Another shift involves accountability. In most organisations, AI access is granted informally. A project lead might enable an API key or connect a tool for convenience. Months later, no one remembers who set it up or what data it still touches. Governance needs to close that gap by tracking ownership, access history, and usage patterns for every AI identity.
This isn’t about slowing down innovation but about keeping control as automation scales. The enterprises that get this right will be able to use AI confidently, with the same level of assurance they have for human users. And that’s where identity governance becomes more than compliance. It becomes the foundation for safe and sustainable AI adoption.
Turning the Lesson into an Advantage
AI is changing how businesses operate, but it’s also rewriting the rules of security. The organisations that treat identity as the foundation for AI use gain more than just protection. They gain agility. When you know which AI tools can access which data, and who is responsible for them, you can innovate without constantly worrying about accidental exposure or compliance issues.

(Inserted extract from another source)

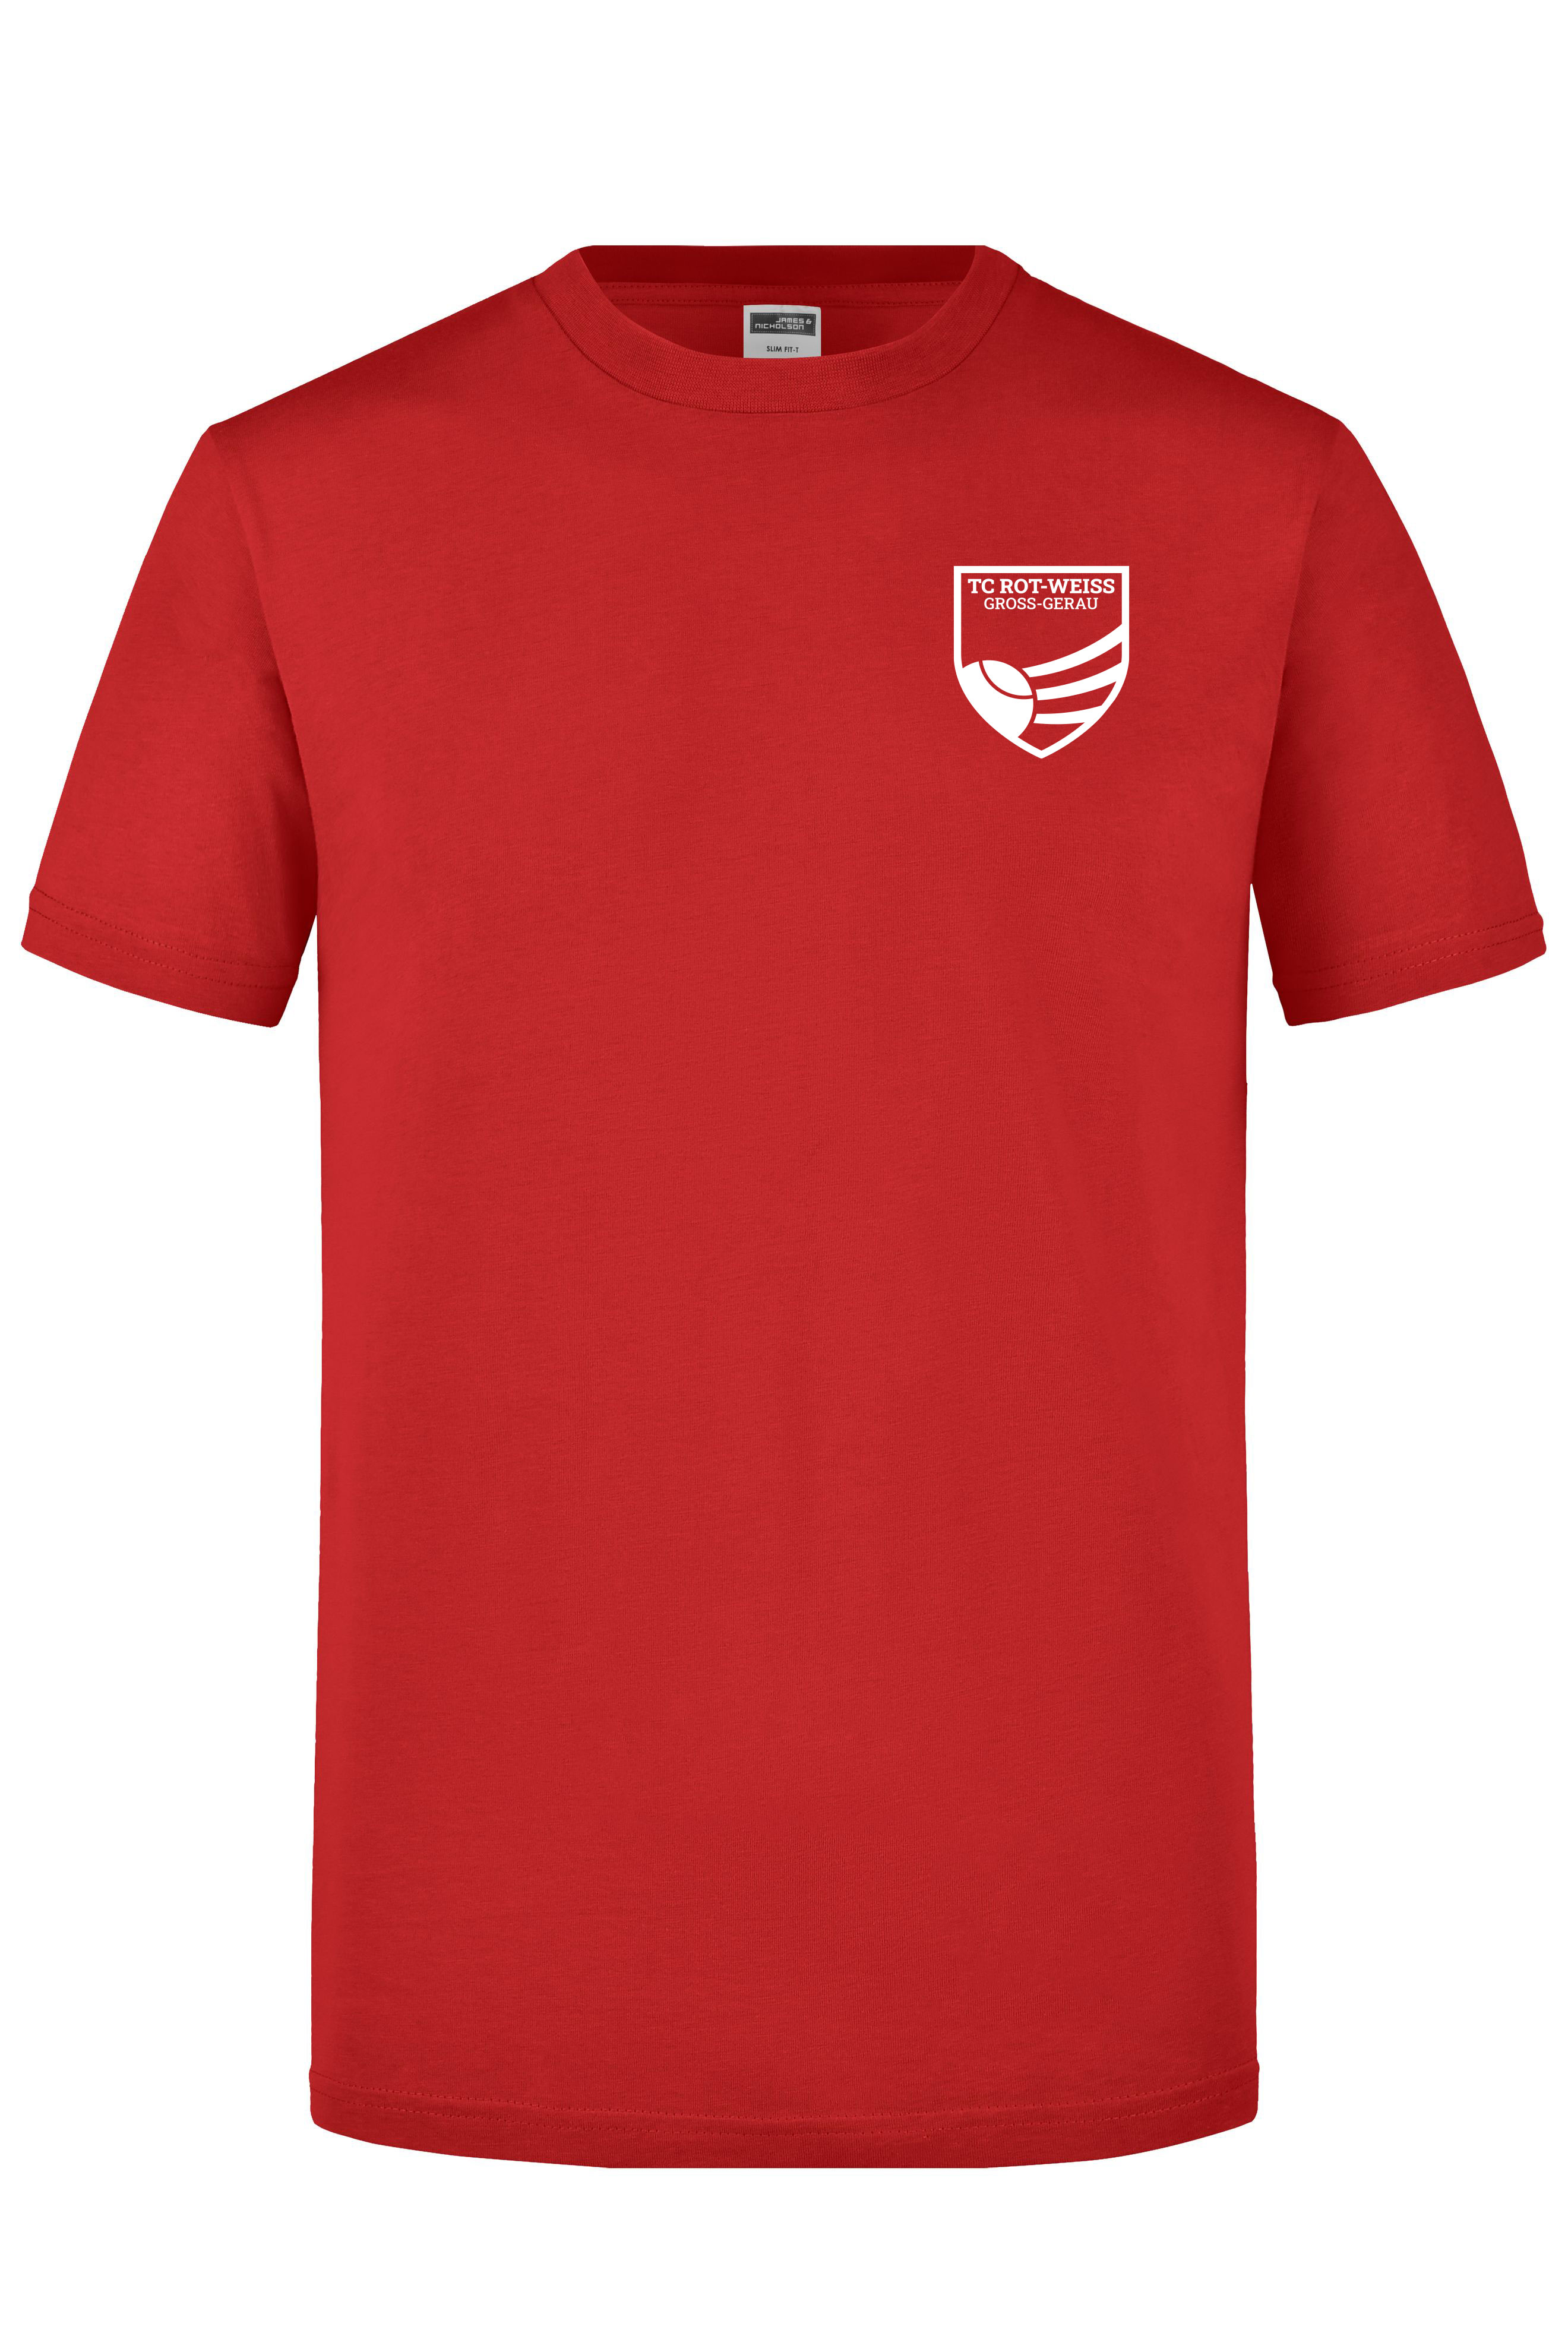 TC Rot-Weiss - Vorteil GG - T-Shirt weiss auf rot

CISOs who take this seriously can turn a potential risk into a strategic advantage. Properly governed AI isn’t a liability; it’s a capability. Teams can deploy new tools faster, automate more processes, and provide richer insights to decision-makers, all while maintaining visibility and control. The key is simple: treat AI like a user, monitor it like a user, and enforce governance policies consistently.
It also changes the conversation internally. Security is no longer just about blocking risks. It’s about enabling growth. When executives see that AI tools are controlled, monitored, and compliant, they become more willing to experiment and adopt automation. That leads to smarter decisions, faster delivery, and a culture that embraces innovation responsibly.
Ultimately, identity governance becomes the lens through which the business views AI safely. Those who act now are not just avoiding mistakes. They are positioning themselves as leaders in the AI-driven future. It’s a chance to turn compliance and security into real business value.